Brett Nelson (born October 22, 1980) is an American college basketball coach and former player. He was most recently the head coach of the Holy Cross Crusaders men's basketball team.

Playing career
A 1999 McDonald's All-American, Nelson was a standout at Saint Albans High School in West Virginia and was the state's player of the year his senior season. Nelson would play college basketball at Florida under Billy Donovan where he was a three-year starter and member of the Gators' 2000 NCAA tournament runner-up squad. He ended his career as a two-time All-SEC selection as well as the school's leader in three-pointers made and attempted. At the time of his graduation, Nelson finished with career averages of 11.0 points per game and ranked second in steals and fourteenth in points scored in school history.

Coaching career
Nelson would briefly play professional basketball overseas in Sweden, but left to pursue a career as director of basketball operations at Colorado State and then at VCU for a season each from 2005 to 2007. His first assistant coaching position was under Donnie Jones at Marshall, who was an assistant at Florida during Nelson's playing days. After three years with the Thundering Herd, Nelson had a one-year stop as an assistant at Arkansas under another former Florida assistant, John Pelphrey, before a two-year stint at Drake.

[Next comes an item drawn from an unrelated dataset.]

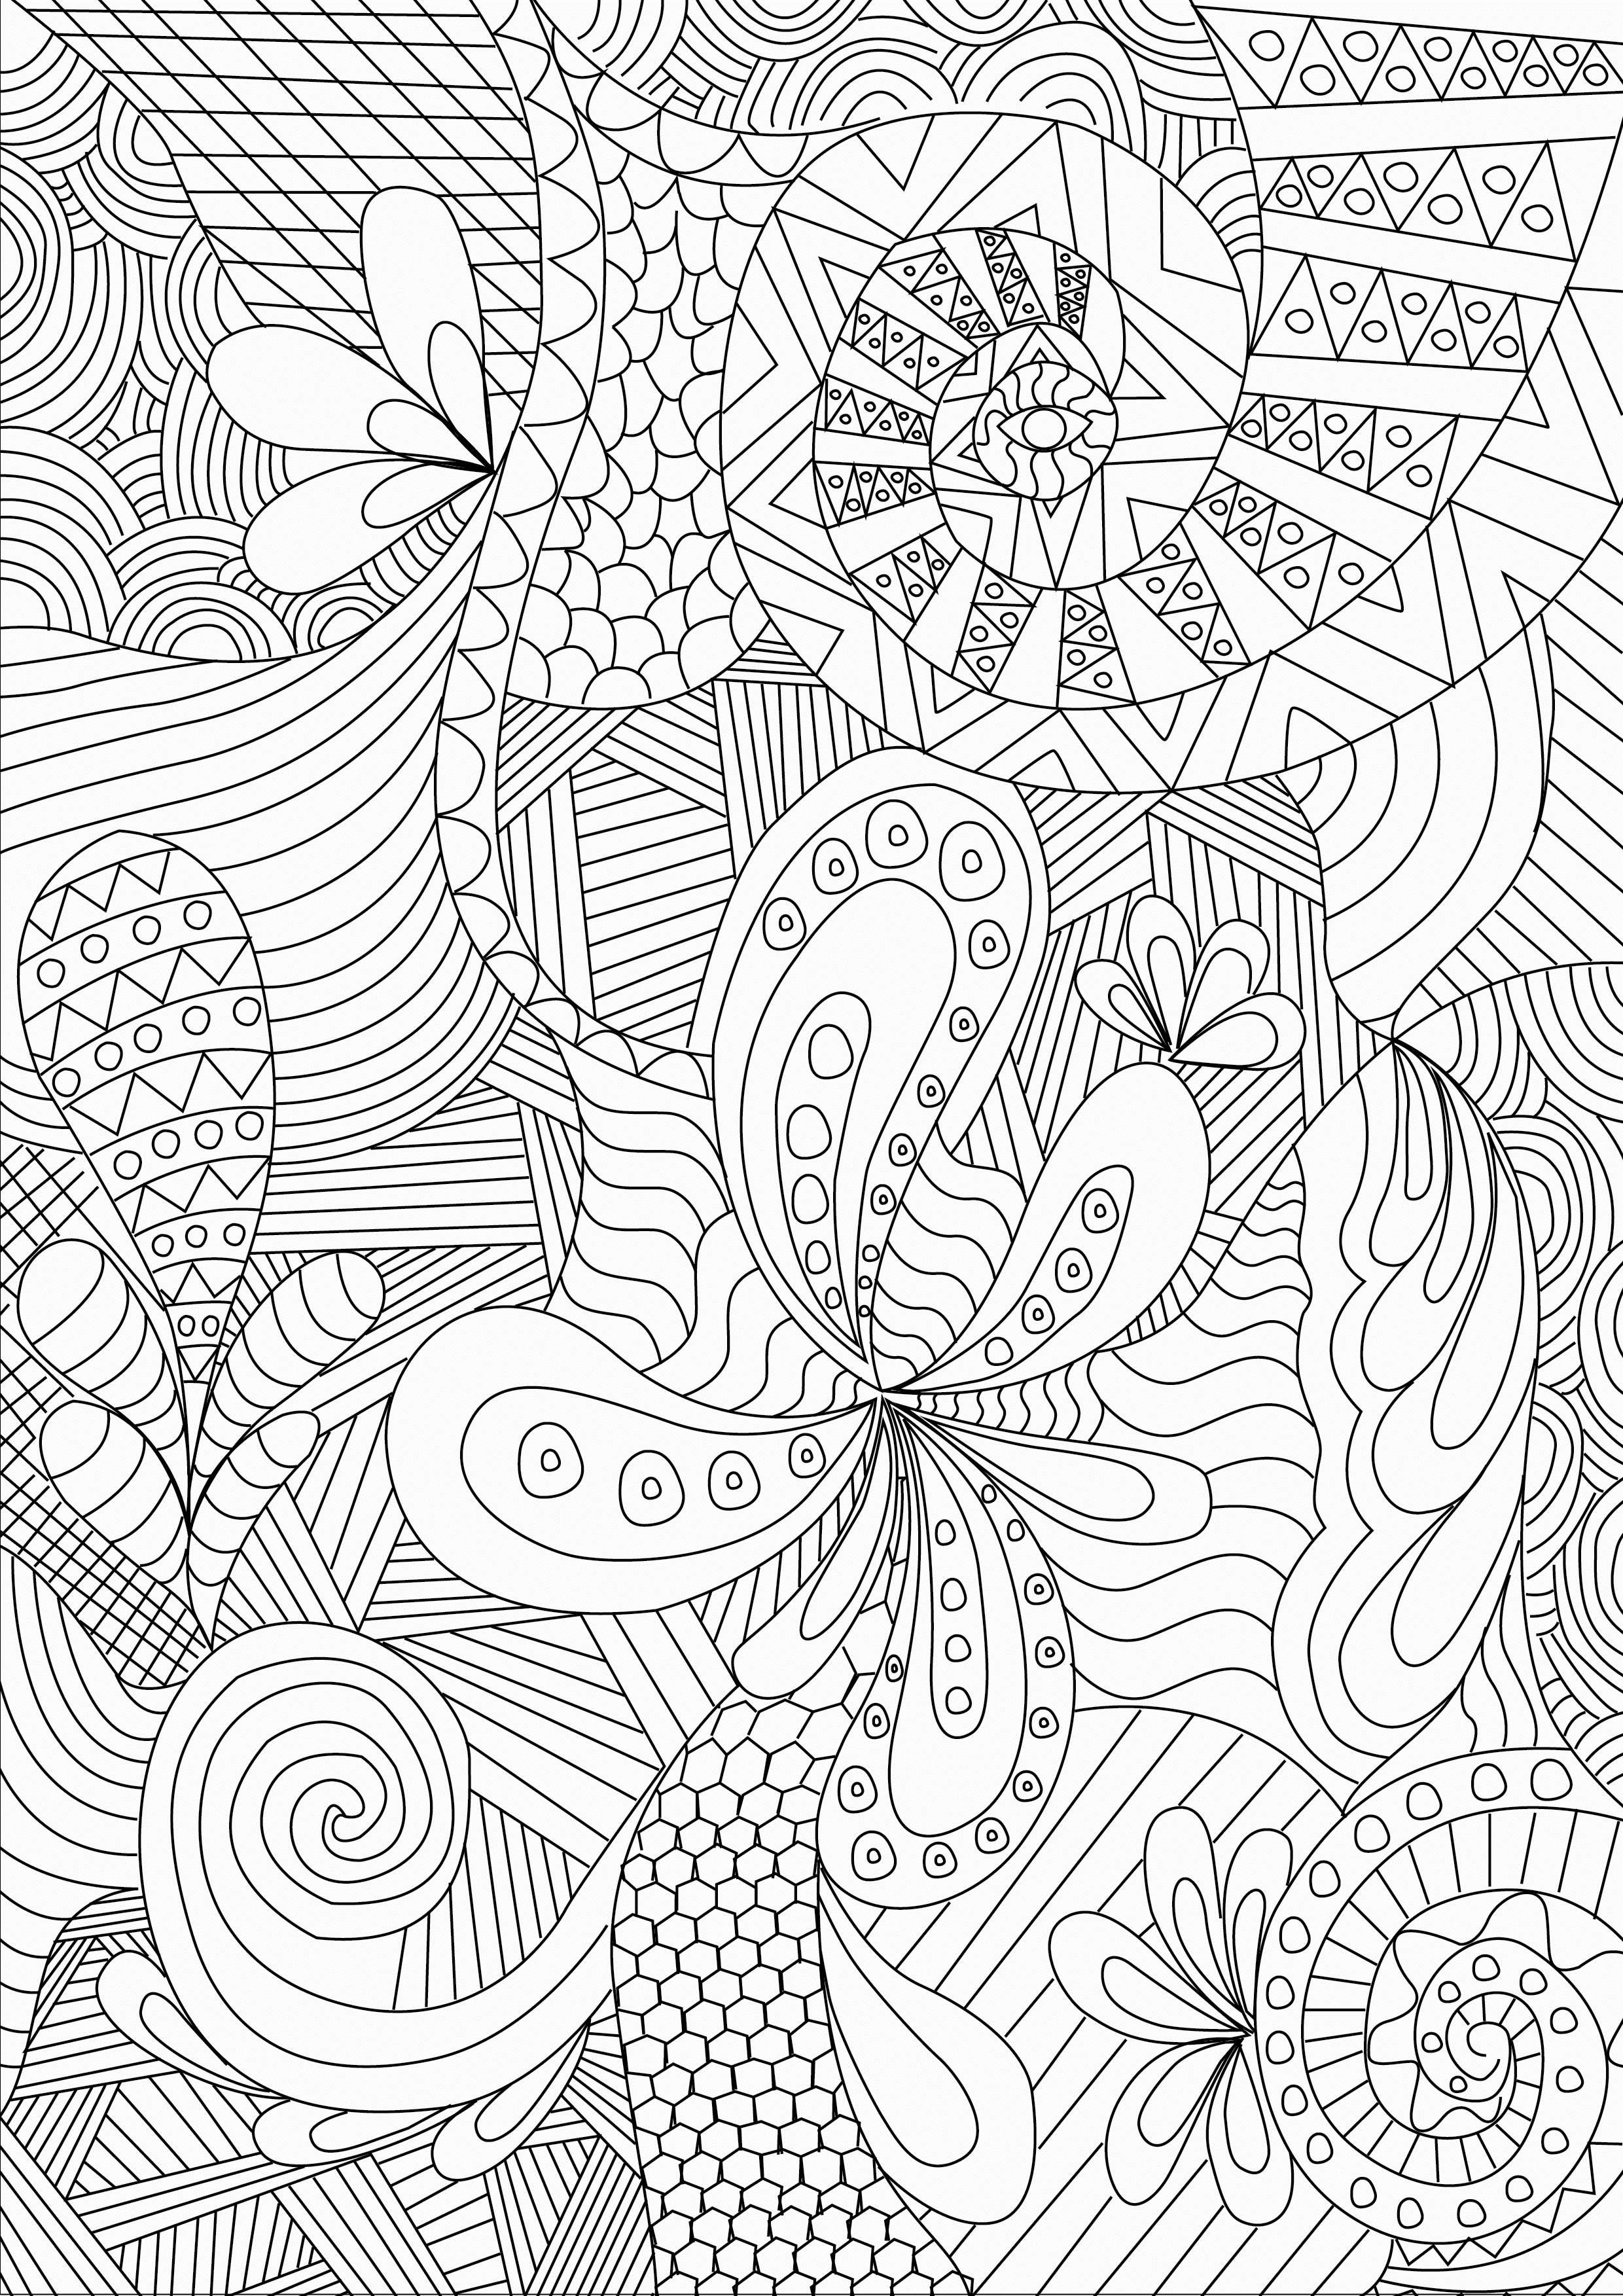 Download Zentangle Colouring Pages - In The Playroom

After one year as an assistant at Ball State, Nelson joined the staff at Marquette in 2014, where he was on staff for two Golden Eagles NCAA Tournament squads. On July 9, 2019 Nelson was named the 18th head coach in Holy Cross history, replacing the retiring Bill Carmody.

In his first year as head coach, Nelson led a rebuilding Crusaders team to a record of 3-29, with his first victory as a head coach coming on December 2, 2019 against Mercer.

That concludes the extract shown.